You wouldn’t think that you could get hurt from sitting at a desk all day with minimal activity, but sedentary jobs can lead to numerous injuries.
The fact is, you can’t sit at a desk for hours on end and keep the body flexible and strong unless you balance your sedentariness with good office ergonomics, stretching and regular exercise.
Let’s take a look at some of the things you can do in your office to prevent neck, back and repetitive use injuries.
How to make your desk and office ergonomically friendly
Back pain, neck pain and repetitive use injuries like carpal tunnel syndrome are more likely to develop in office workers who don’t have a good diet, who don’t regularly exercise and who don’t follow office ergonomic advice.
Here are a few things you can do to keep your office life injury-free:
- Your chair needs to support the natural curves of your spine. Be sure to adjust your chair to be the proper height. Put your feet flat on the floor and use a footrest, if needed, to achieve that. Your thighs should also be parallel to the floor. Make sure that the armrests are high enough that you can rest your arms gently while keeping your shoulders well-relaxed.
- Put important objects that you frequently use, like your phone, printed materials and stapler in an easy-to-reach place.
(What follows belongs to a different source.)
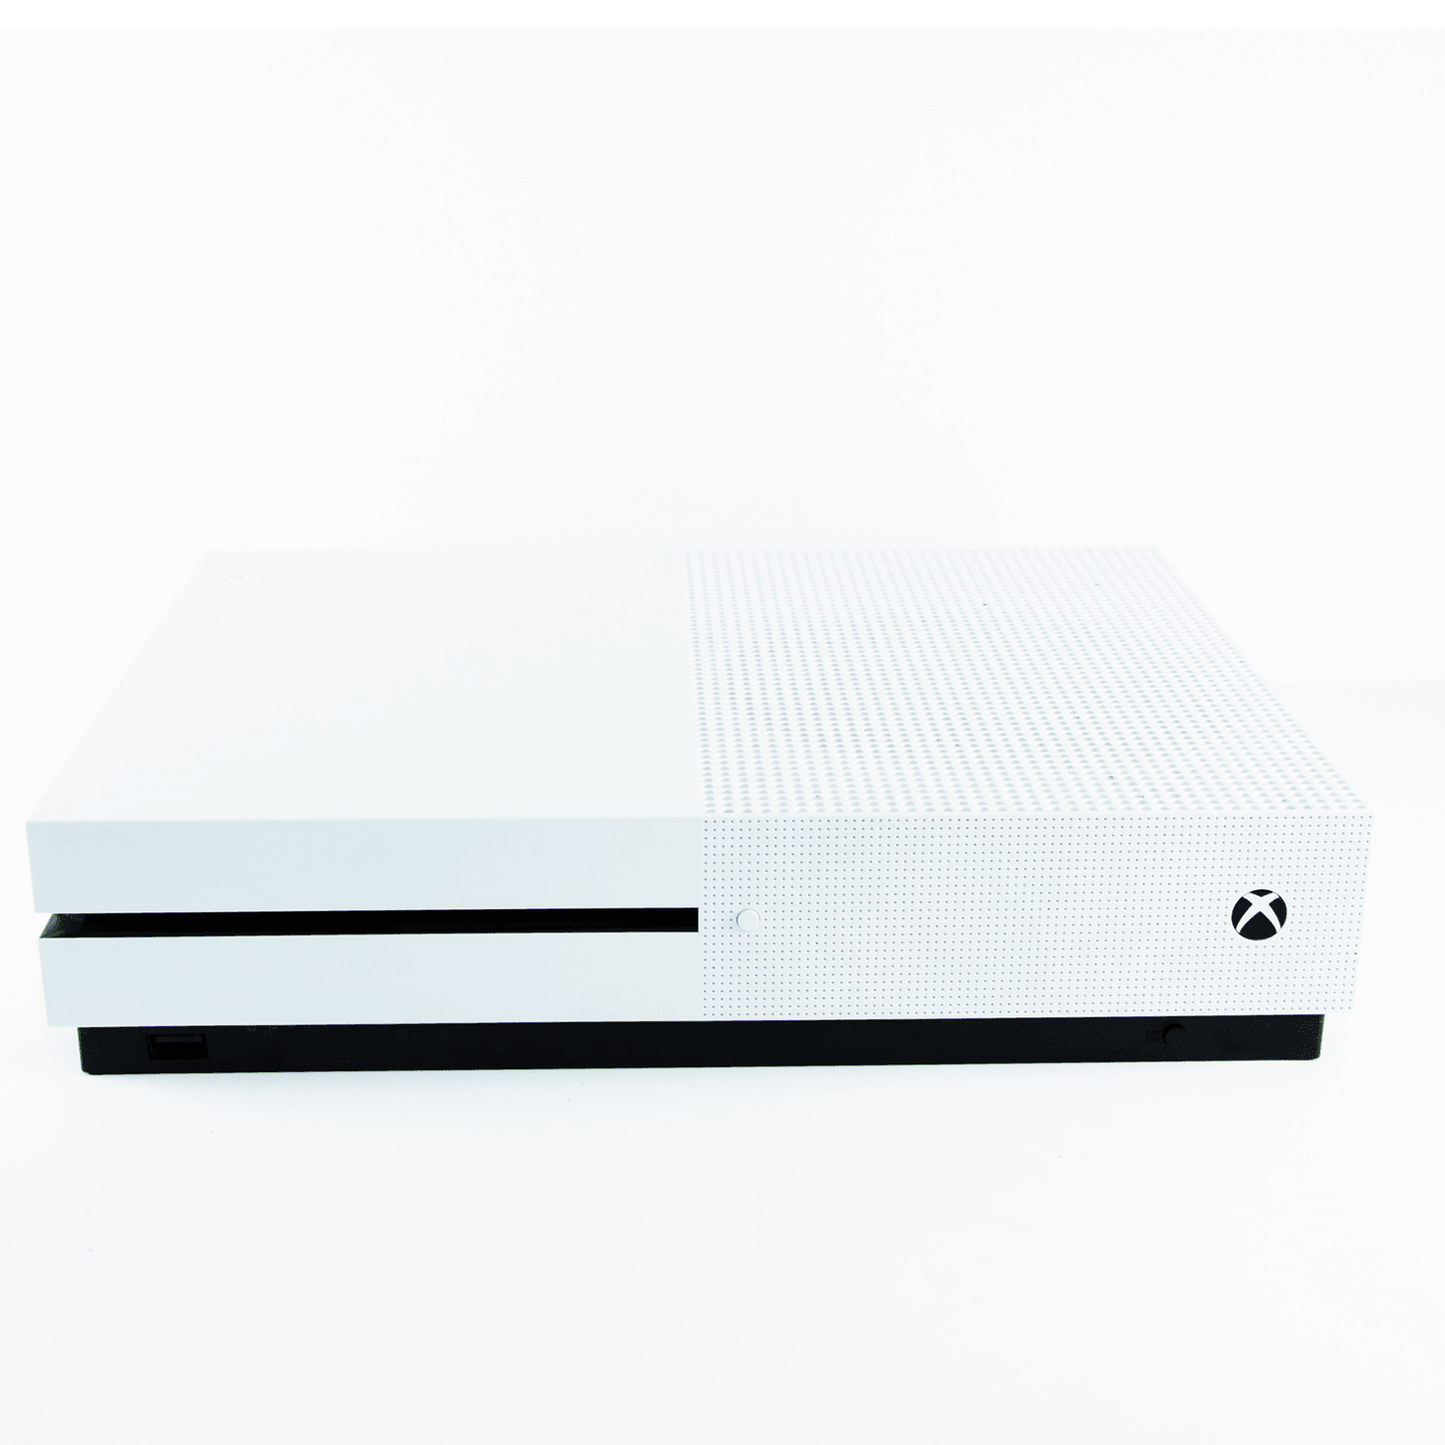 Microsoft Xbox - ipawnishop.com

If you can’t reach something easily above your head, be sure to stand up when you try to access it.
- Your mouse and keyboard should be on the same level. Your wrists should be straight extending from your forearms without bending upward when you’re using your keyboard and mouse.
- If you use your phone a lot, don’t cradle the phone piece between your neck and shoulder. Rather, use a headset so your head and neck are free to move around and uninhibited. Alternatively, use the speakerphone setting to speak with clients.
Follow this advice and you’ll avoid a lot of injuries
By following the advice above, office workers will avoid a lot of common job injuries associated with sedentary office work. However, injuries can still happen no matter who you are, and no matter how physically intensive your employment happens to be.
If you develop a job-related health condition, no matter whose fault it is, you may be able to receive workers’ compensation benefits to pay for medical care and time spent unable to perform your job duties.